Изгой - Алиса Бодлер
Однако артефакты были у каждого свои. И если для отца особую ценность имели картины (как подлинники, так и достаточно дорогие подделки), доставшаяся от Джека мебель, сколоченная еще по моде начала столетия, и кухонная утварь, как принимаемая в подарок, так и купленная собственноручно по тем или иным поводам, то для Германа высший интерес представляли уже упомянутые вещицы из кабинета, являющие собой различные стекляшки, колбы и инструменты по работе с мелким сырьем. Последние пригождались для обработки чучел, даже если использовались вовсе не по назначению.
Любовь юноши к «замораживанию смерти» распространялась не только на зверей, но и на растения. Когда обстановка и время располагали к коротким прогулкам к саду, юноша бродил меж симметрично засаженных клумб и собирал цветы для гербариев. Для таких целей под пологом своей кровати, он выделил специальное место и связывал, а после развешивал их, переворачивая букетики головками вниз. Такие украшения старший сын Николаса любил использовать как вкладыши к праздничным письмам и открыткам для Ангелины и Мари.

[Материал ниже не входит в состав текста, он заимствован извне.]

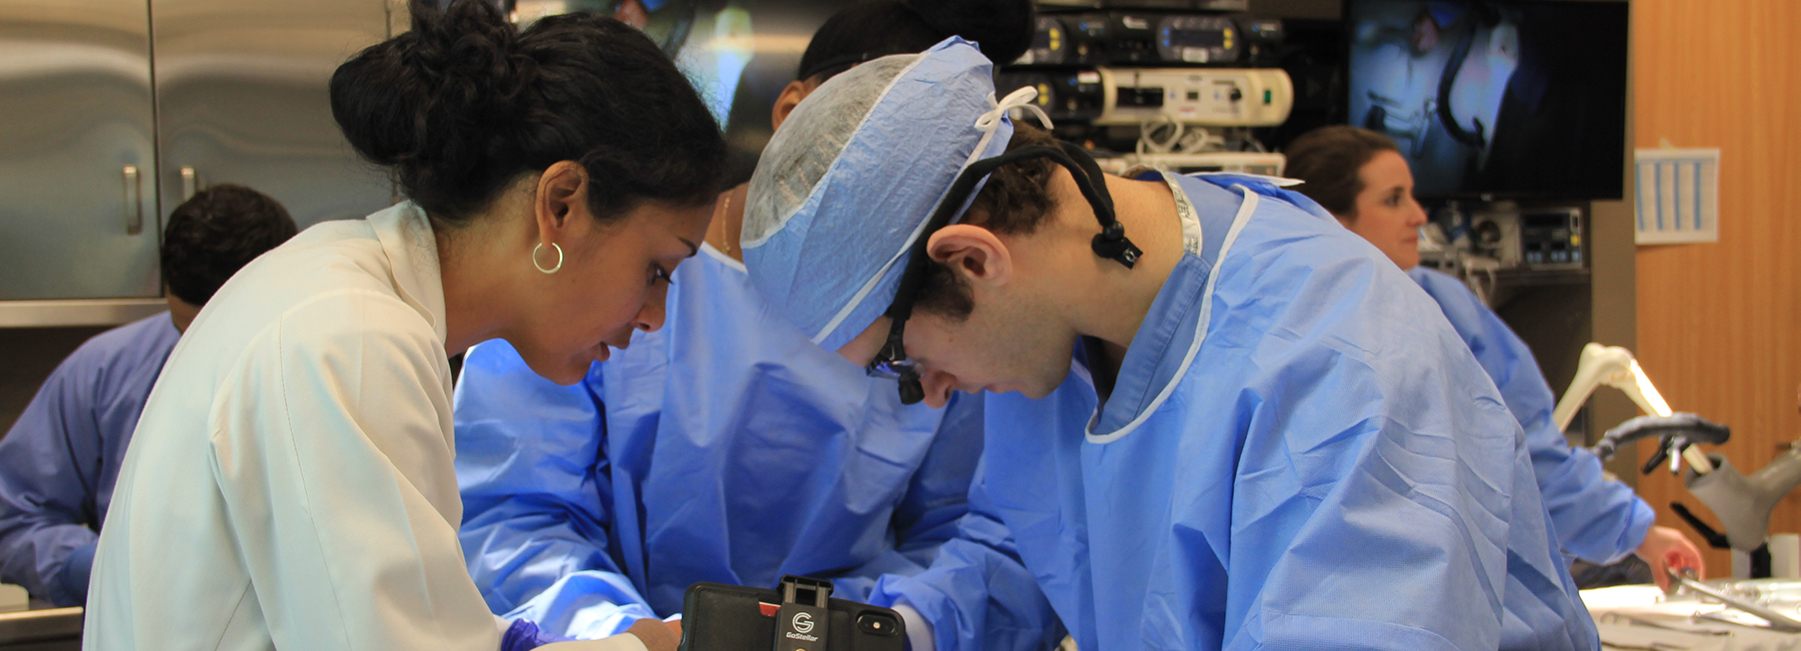 Banner image of Dr. Duretti Fufa overseeing a medical student during a procedure.

Благодаря увлечению матери он знал все виды растений, растущих в саду, и мог подобрать неплохой состав, например для грудного сбора. Но отец, как и в случае с таксидермией, не любил, когда старший слонялся среди травы без особого толка, а потому времени, которое можно было провести наедине с собой и природой, у парня практически не было.
Достигнув конца тропинки, Герман подошел к боковой стороне особняка, принявшись украдкой заглядывать в огромного размера окна в мелкую расстекловку. Сквозь рамы виднелось убранство гостиной, в которой, к огромному облегчению юноши, сейчас никого не было. Должно быть, приближалось время чаепития, и слуги, не ждавшие никого из хозяев так рано, вовсю занимались на кухне. Шанс столкнуться лишь с полуслепым лакеем Смитом на входе и не обнаружить себя никому из самых нервных, был очень велик.

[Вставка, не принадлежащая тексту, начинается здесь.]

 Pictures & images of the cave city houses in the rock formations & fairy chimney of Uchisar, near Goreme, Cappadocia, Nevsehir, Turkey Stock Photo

Пробегая под окнами, Бодрийяр-младший пригнулся, но уже для пущего бдения. Благодаря своим длинным и тонким ногам он двигался быстро и практически бесшумно, как будто бы перепрыгивая через поверхности и почти не касаясь земли.
Подъем на крыльцо озарил пространство несколькими привычными скрипами, однако они были достаточно глухими для того, чтобы не привлекать внимания к новопришедшему. Оставалось надеяться лишь на то, что Смит, отворяя входную дверь, как и всегда, забудет надеть свои очки.
Юноша приблизился ко входу в дом и постучал позолоченным молотком о дубовую поверхность. Лакея, которому близился уже седьмой десяток, быстро ждать не приходилось, а потому Герман, испытывая подобие страха, осматривал террасу вокруг себя на предмет забытых вещиц.
Но внимание его привлекла лишь напольная ваза, стоящая возле, покрытого листьями и сезонной пылью, низенького буфета. В ней, скорее для того, чтобы привлекать дополнительное внимание гостей к фасаду дома, стояли высокие кустовые розы ярко-алого цвета. Должно быть, они были куплены в городе, где продавали любые растения круглый год, и служили украшением в прошлый четверг, а потому теперь выглядели из рук вон плохо. Замерзшие и, одновременно с этим, увядшие бутоны представляли собой бордовую массу, лишь отдаленно теперь напоминающую структуру лепестков. Минуты шли, но старичок Смит все не торопился открывать двери, а старший сын Бодрийяров глядел на еле живую композицию словно завороженный, не в силах переключить свое внимание.
То, во что превратились розы, напоминало ему месиво, что он видел на лице еще живого Трэвиса в подвале «Фармации».
– О, сэр! Как рано вы прибыли! Все ли в порядке?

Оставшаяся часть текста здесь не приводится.